Jan 08, 2010 09:51
Man, I really don’t want to go through the infatuation phase of a relationship again. I remember how much I used to love feeling that tingly feeling in my chest and right arm (always the right arm, what is with that?) that made me want to grip it and hold it and swim around in it. How my brain would get fuzzy, and just looking at the person would engulf my sight with a swirling broth of starry smarminess.
Now I HATE that fuzzy feeling. I don’t like NOT being able to see someone for who they are because my stupid body chemicals are getting in the way. I want to jump straight to the love phase.
Unconditional love means different things to different people, but for me, unconditional love means knowing exactly how a person is, all their tirades, their kind of lame and disgusting quirks, their cute aspects, their rather pathetic aspects, and through it all remain immensely fond of them. So fond of them, that just looking at them going about their business and in contemplating all their aspects, I want to go over and hold them, and love them and maybe exchange some gesture of affection. I’d like for that person to feel the same way about me as well. It’s kind of pathetic how much like an animal I am. It’s like when the pet you just bought finally starts relaxing around you and comes to you to be petted, or sits in your lap when you’re lonely in spite of itself. You’re just so happy that you can make your pet feel relaxed and happy, and it’s even eager to see you b/c it likes you so damn much! I want to skip to that phase of a relationship already. Problem is, it’s hard to get to know someone without that stupid infatuation phase fudging everything up. With infatuation I worry about the other person learning how I really am, and getting fed up, or worse yet, bored with me… actually, I can’t even bore myself, so maybe worse, the other person is intimidated by me, and keeps thinking they need something different. Also, it’s hard to get to know someone really fast… especially if they’re going through the infatuation phase and they’re trying to hide all the nasty stuff that they’re worried you’re not going to like.
I just want unconditional fondness NOW, dammit!
Meanwhile, it’s kind of nice to look in the mirror and see a smear of mucusy dried milk on my shoulder. I think every parent wants their kid to cuddle with them every once in a while. Too much and you think your child’s a bit dependent, and weak, but it always seems to be one end of the spectrum or the other. It’s a very rare thing that my child puts her head on my shoulder. She has to be in an extremely affectionate mood (which happens maybe once a month for approximately 30 seconds), or extremely sick (which means usually there’s something more than dried milk on my shirt).

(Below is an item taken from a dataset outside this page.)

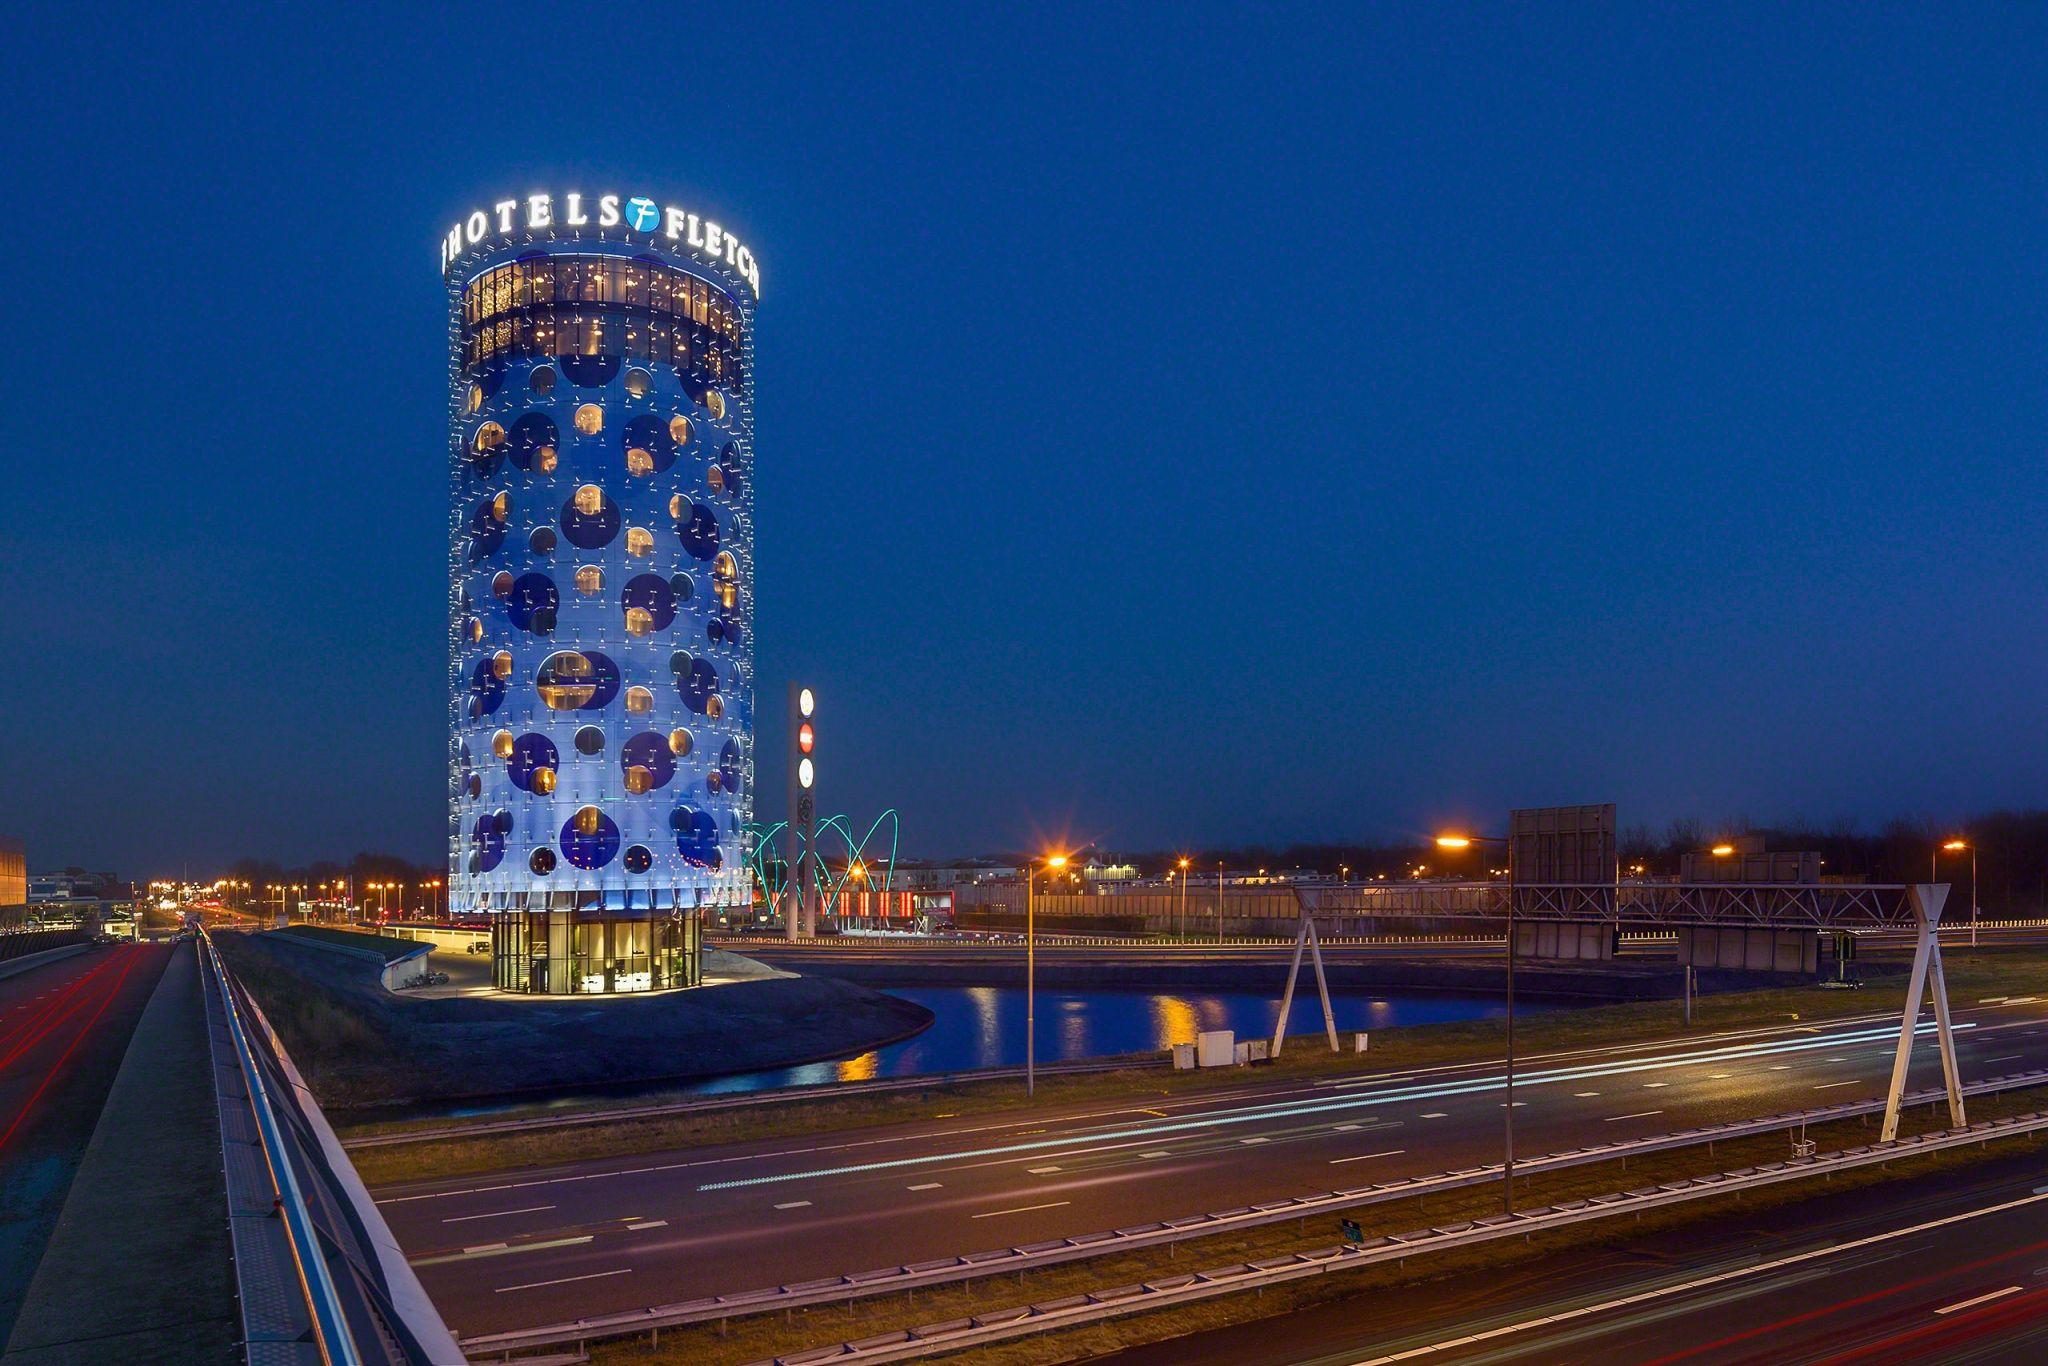 Interior designer Robert Kolenik created the entire hotel interior design for the Fletcher hotel in Amsterdam in collaboration with Benthem Crouwel Architects.

For some reason, it’s like some sort of trophy stain-like blood on a rugby player’s jersey, and I feel great satisfaction in putting this shirt in the dirty laundry. Still, it would be embarrassing to have other people see my marks of achievement (hey, achieving your kids’ affection is huge-this is about the only time you can get it before they hit puberty!), it’s kind of a silly thing to be proud about, but I will be proud about it in private anyway, thank you very much.